Second, by bringing with them project and conceptual tools learnt from experts, CorpsAfrica volunteers contribute to the professionalization of local governance in development practices. Although the number of Moroccan associations has exploded since the National Initiative for Human Development (INDH)'s launch in 2005, many were born without the necessary tools, skills, and previous experience to carry out efficiently and sustainably local development projects. A model like CorpsAfrica supports the diffusion of expert tools and practices that local associations may not be able to obtain on their own. But the CorpsAfrica model resonates to a large extent with the culture of local governance and participation diffused in Morocco in the past few years. CorpsAfrica's vision supports the local appropriation of issues and tools, and "demand-driven development" - designing and implementing projects based on the needs expressed by communities rather in fields chosen ex ante that might not be as relevant in the local context. "For greater impact, development volunteers must learn to act as facilitators rather than serve as assigned project managers," explains Liz Fanning.

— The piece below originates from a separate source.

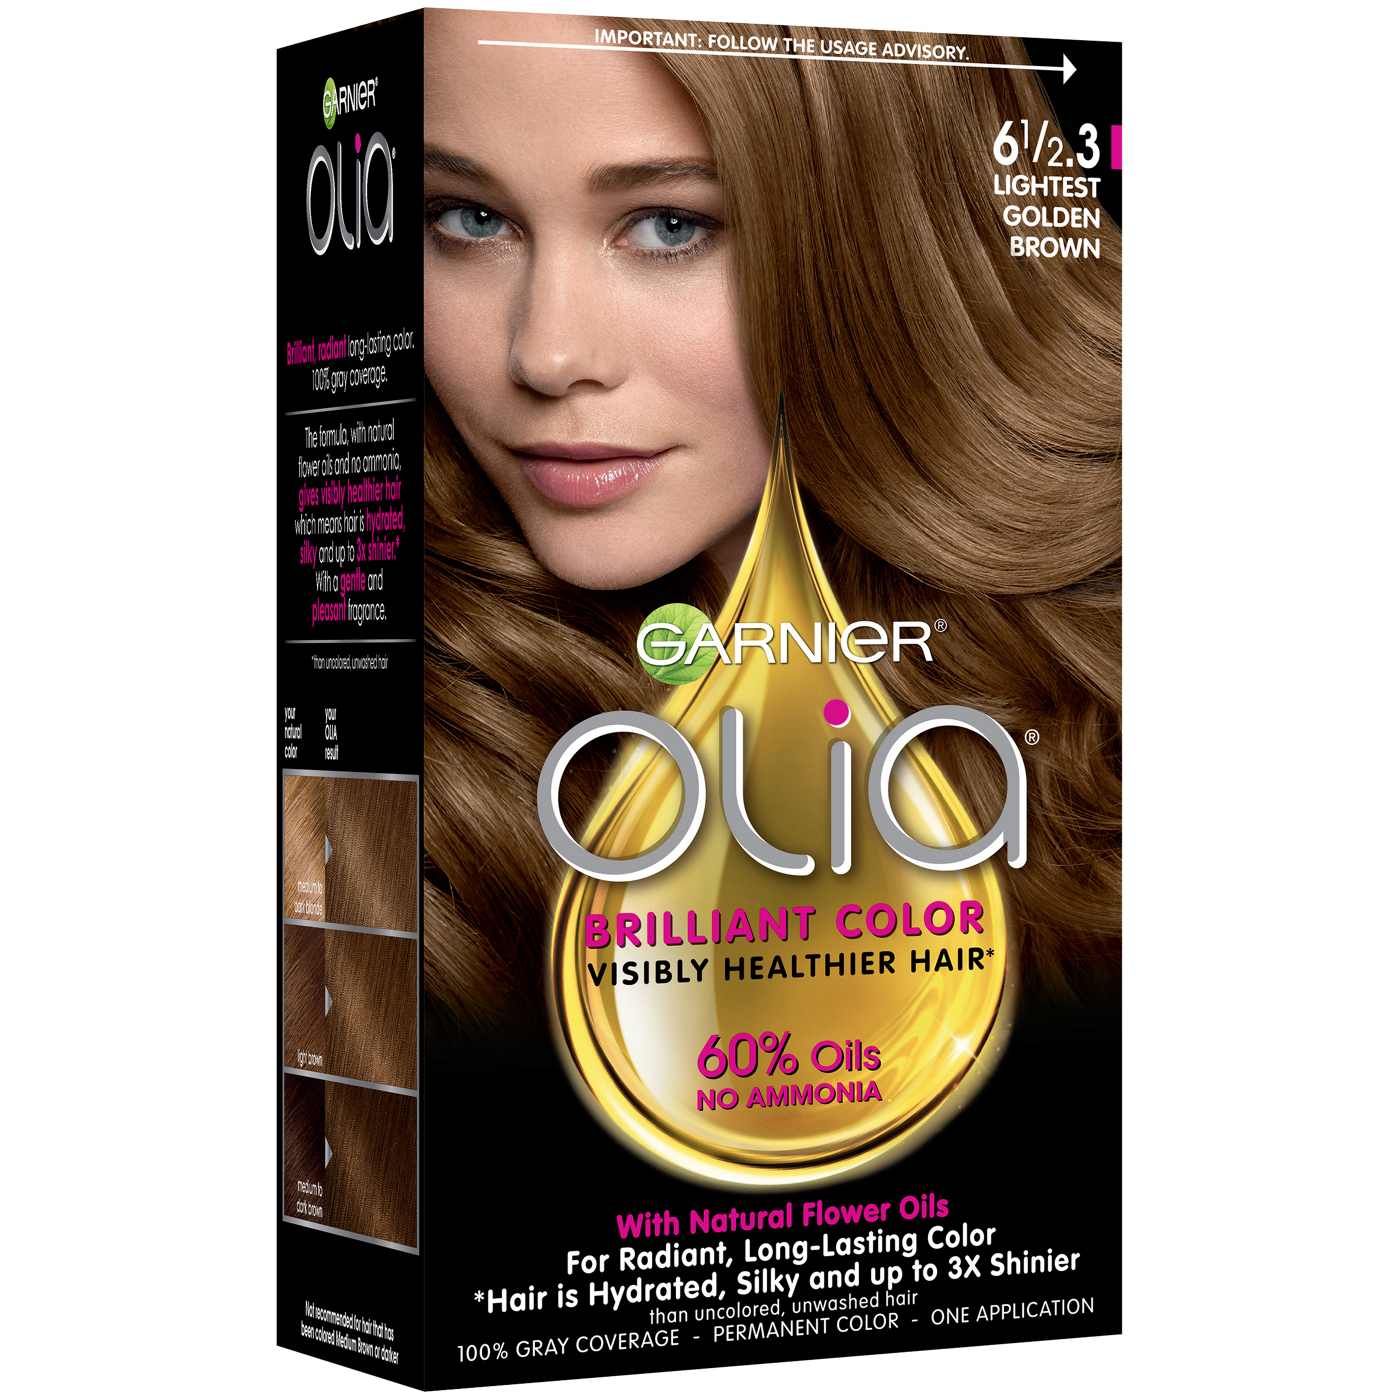 Garnier Olia Oil Powered Ammonia Free Permanent Hair Color 6 1/2.3 Lightest Golden Brown; image 1 of 12
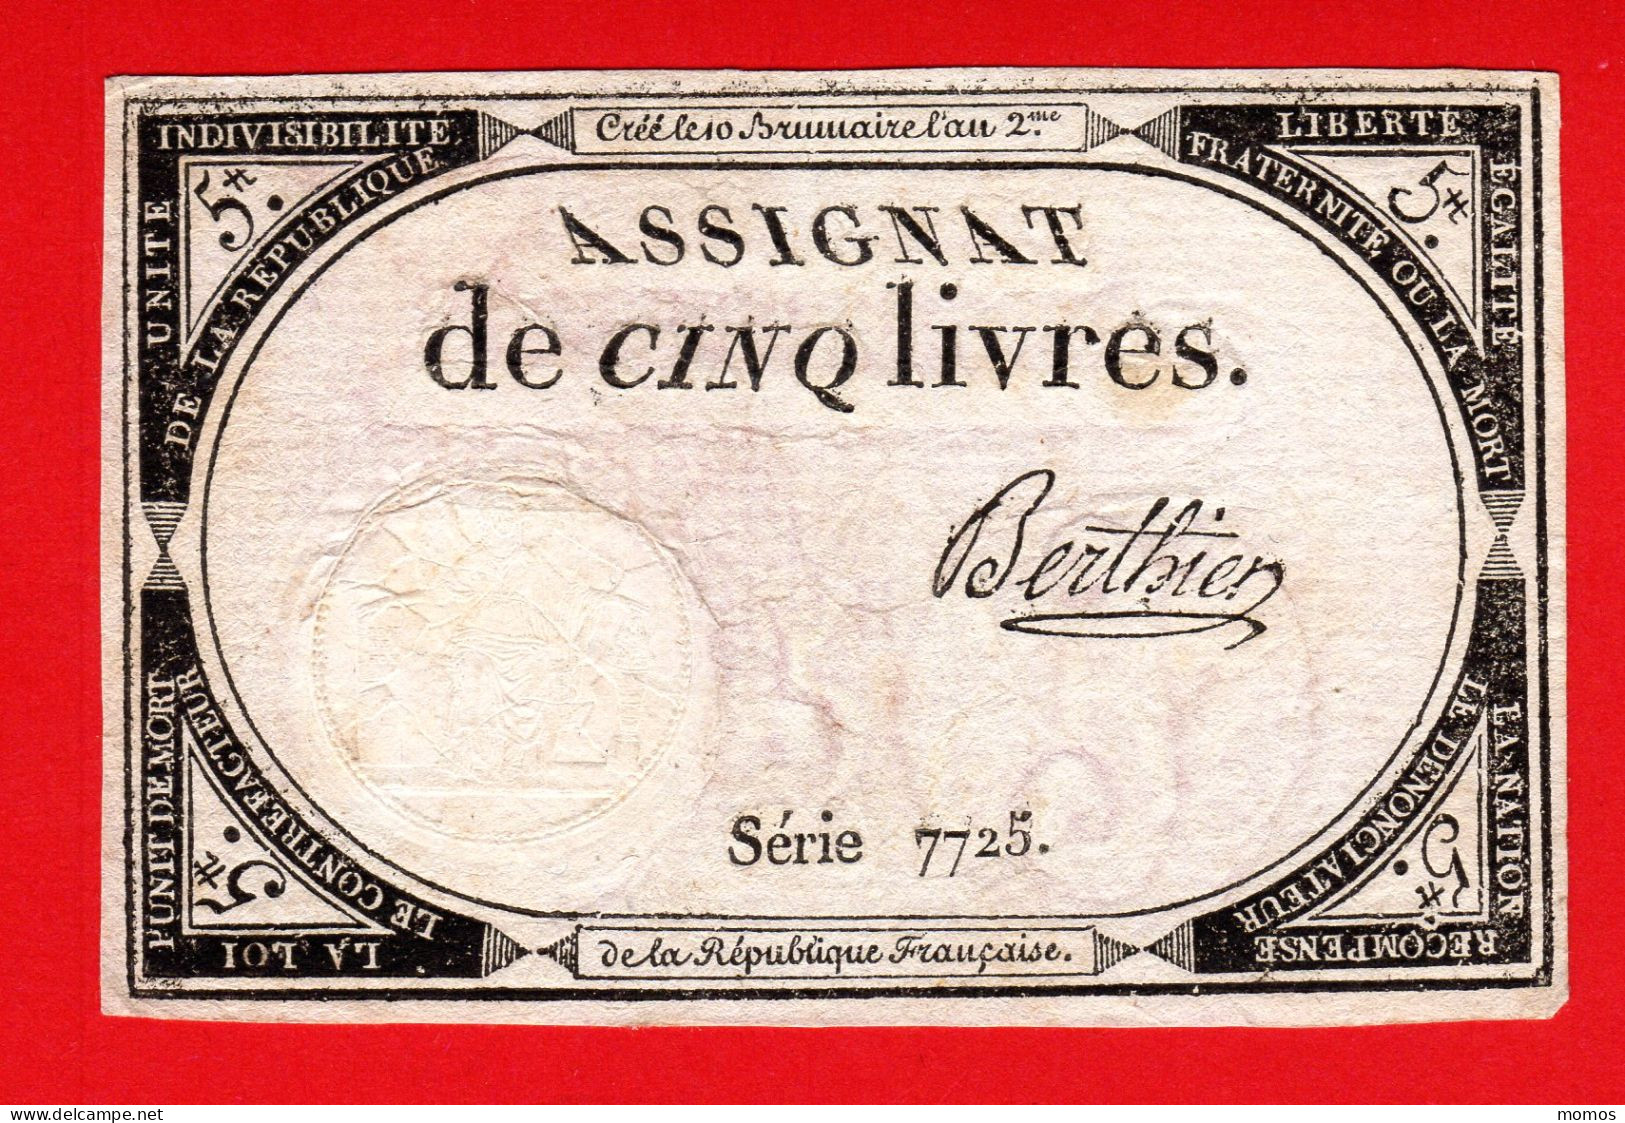 ASSIGNAT DE 5 LIVRES - 10 BRUMAIRE AN 2  (31 OCTOBRE 1793) - BERTHIER - REVOLUTION FRANCAISE - Assignats

Third, CorpsAfrica's model raises awareness among volunteers on domestic development issues, and shows the benefits of their own involvement in their own country's development. CorpsAfrica's volunteers desire to help their own country develop to its full potential, rather than leaving it to foreigners who will not stay on long-term and have no previous attachment to the country. In other words, domestic volunteers want the opportunity to act upon change themselves, rather than giving that responsibility to others. Liz Fanning also underlines local service as more sustainable and strategic: "the cultural and language learning curves are much less steep, international travel expenses are almost zero, and the benefits of the transformative experience on the volunteers themselves will stay in the country."

This transformative aspect of the service is important. For Moroccan volunteers often from educated and urban backgrounds, immersing themselves in remote rural communities is also an experience that entails a lot of personal learning. Through their service, volunteers get to see their own country in a completely different way, outside their comfort zone. Being confronted with drastically different ways of life within Morocco challenges their views, beliefs, habits, and misconceptions.

How can CorpsAfrica evolve in Morocco? Liz Fanning hopes to enhance the diversity of backgrounds within the cohort in the future, and contemplates reaching out to older volunteers who may have either a professional or a personal interest in the program. CorpsAfrica is also investigating the possibility for volunteers to serve in their own communities. Finally, while sending volunteers to rural communities has been the model until now, Liz Fanning sees avenues for service in urban communities on the long-term, as urban areas face acute development issues of Morocco in terms of extreme poverty and socio-economic exclusion.

And beyond Morocco? Liz Fanning affirms her belief in a culture of inter-continental African service to address broader development issues and promote understanding and opportunity across the continent. With the organization's upcoming expansion to Senegal and Malawi, CorpsAfrica's efforts to address development issues on the African continent through inter-African service cooperation are taking a new turn.